= HOW TO COMPLETE THIS TASK =
When you copy the listing, skip the images and return each line verbatim.

BEGIN THE DATA

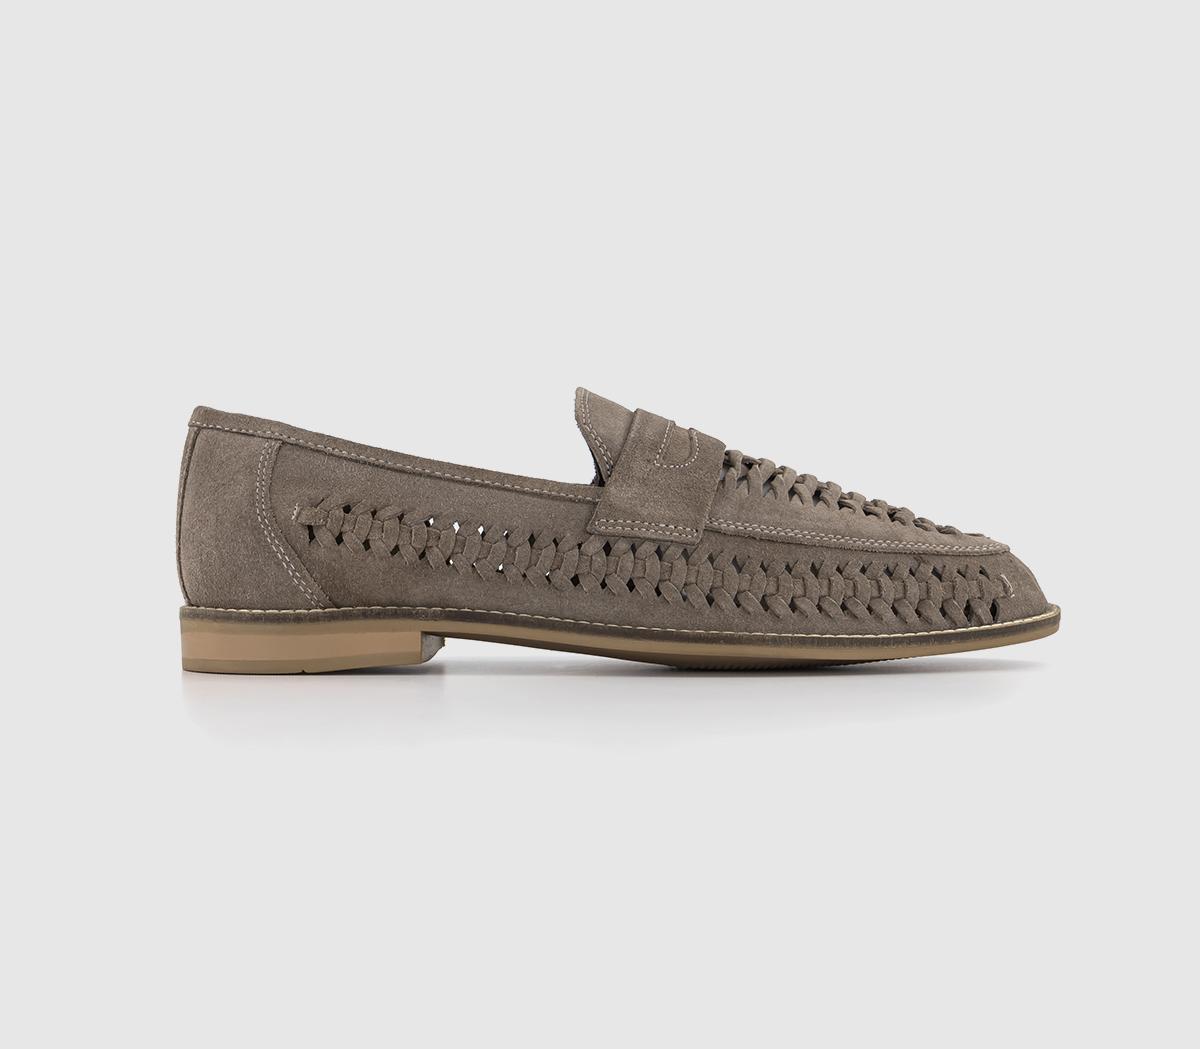 OFFICEChiswick 2 Woven Saddle ShoesStone Suede
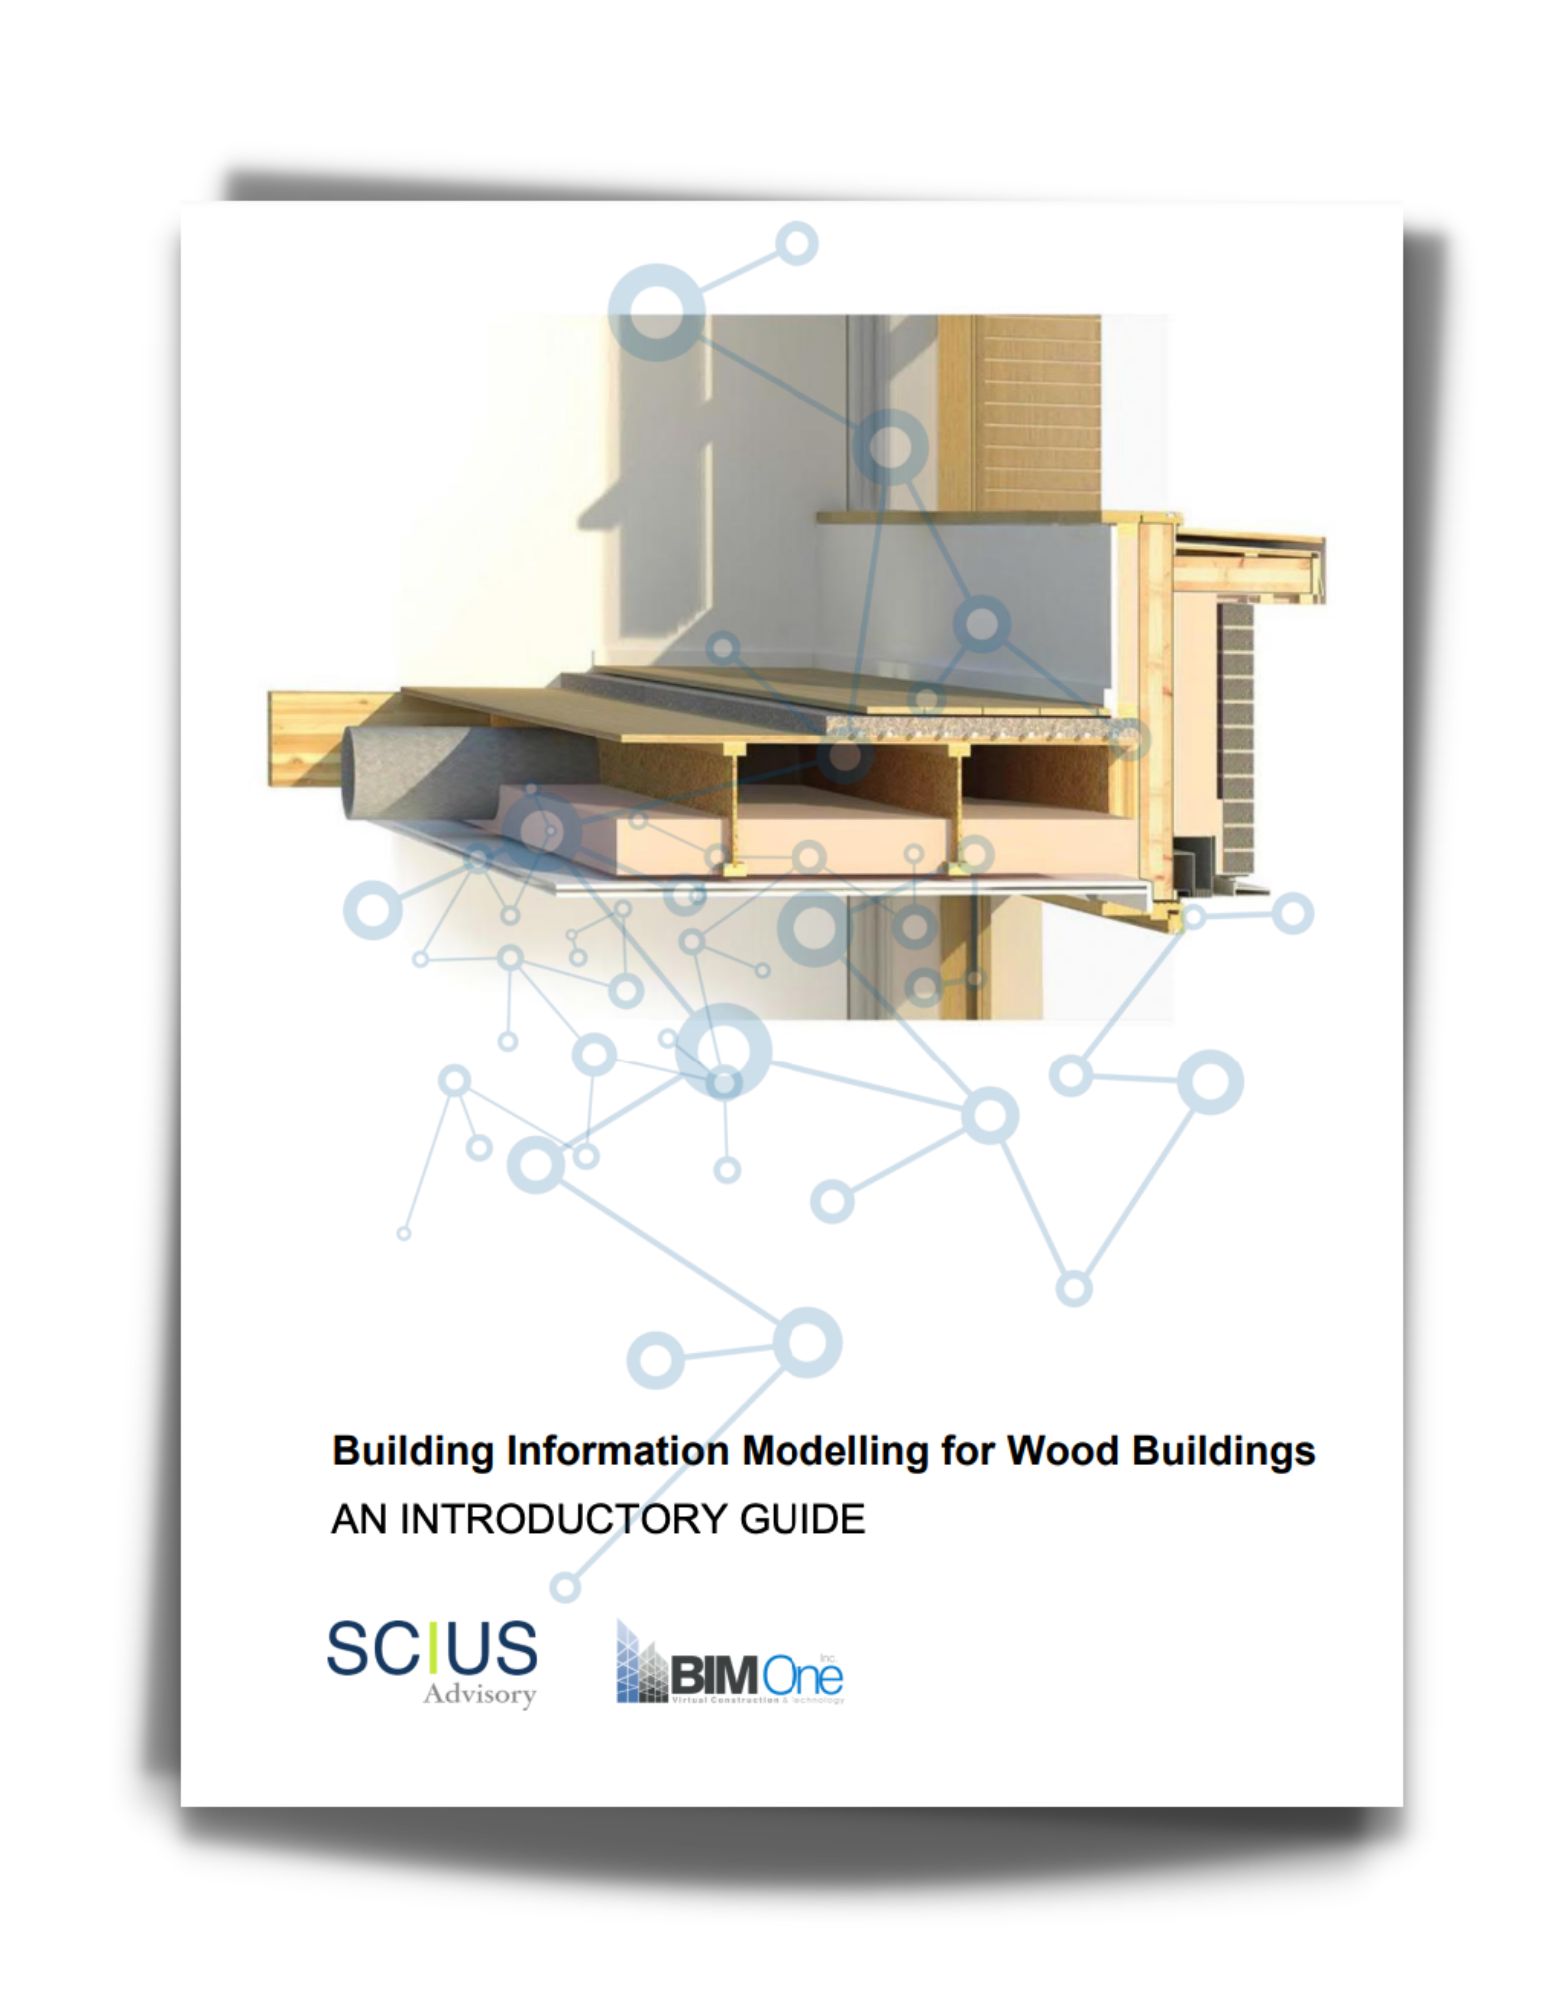 Building Information Modelling (BIM) for Wood Buildings: An Introductory Guide
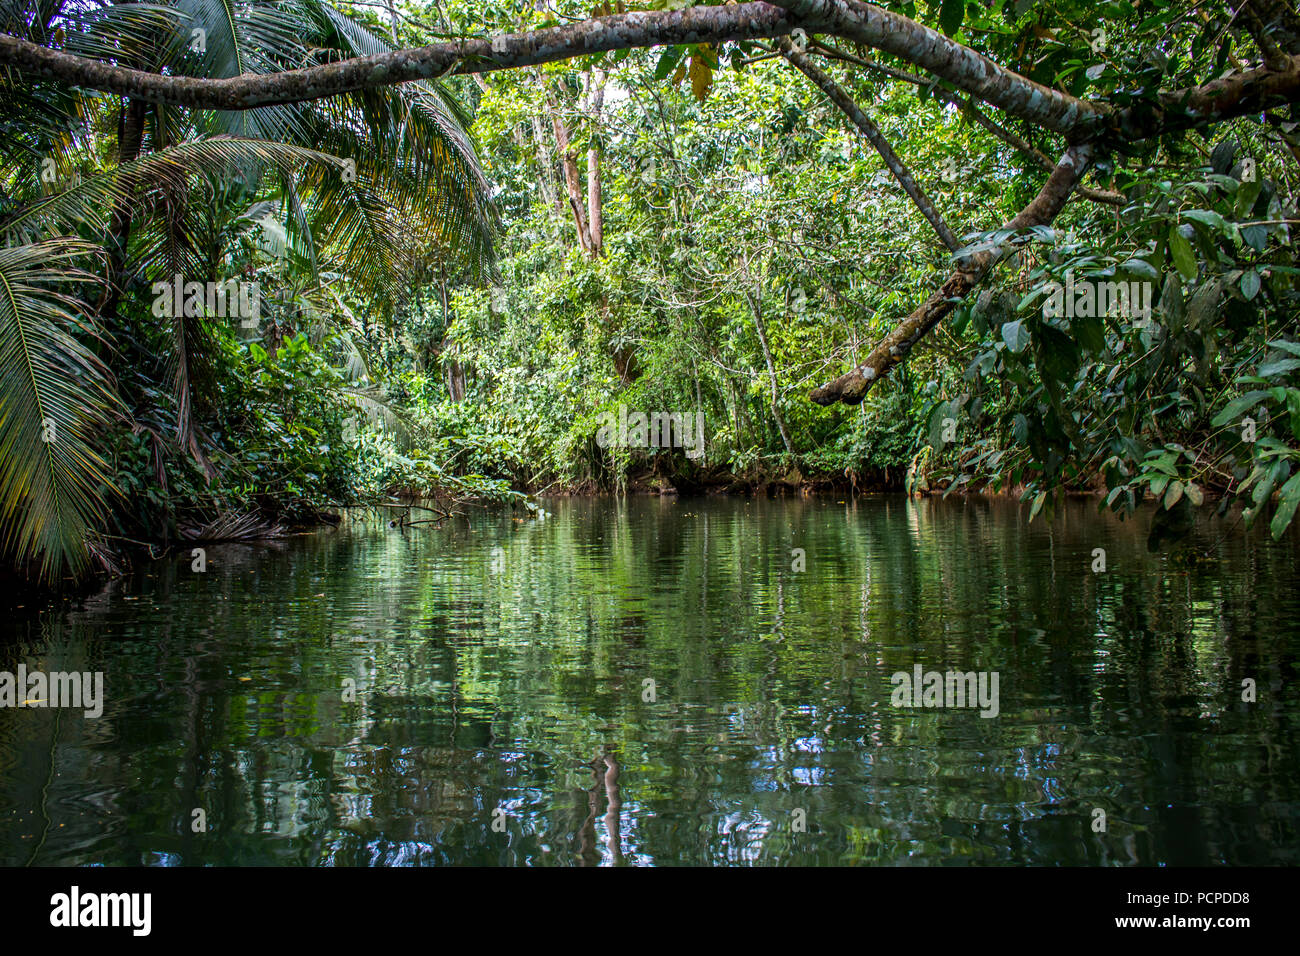 Jungle canal with reflections of green plants in water Stock Photo

END THE DATA

= RESULT OF THE EXERCISE =
 OFFICEChiswick 2 Woven Saddle ShoesStone Suede
 Building Information Modelling (BIM) for Wood Buildings: An Introductory Guide
 Jungle canal with reflections of green plants in water Stock Photo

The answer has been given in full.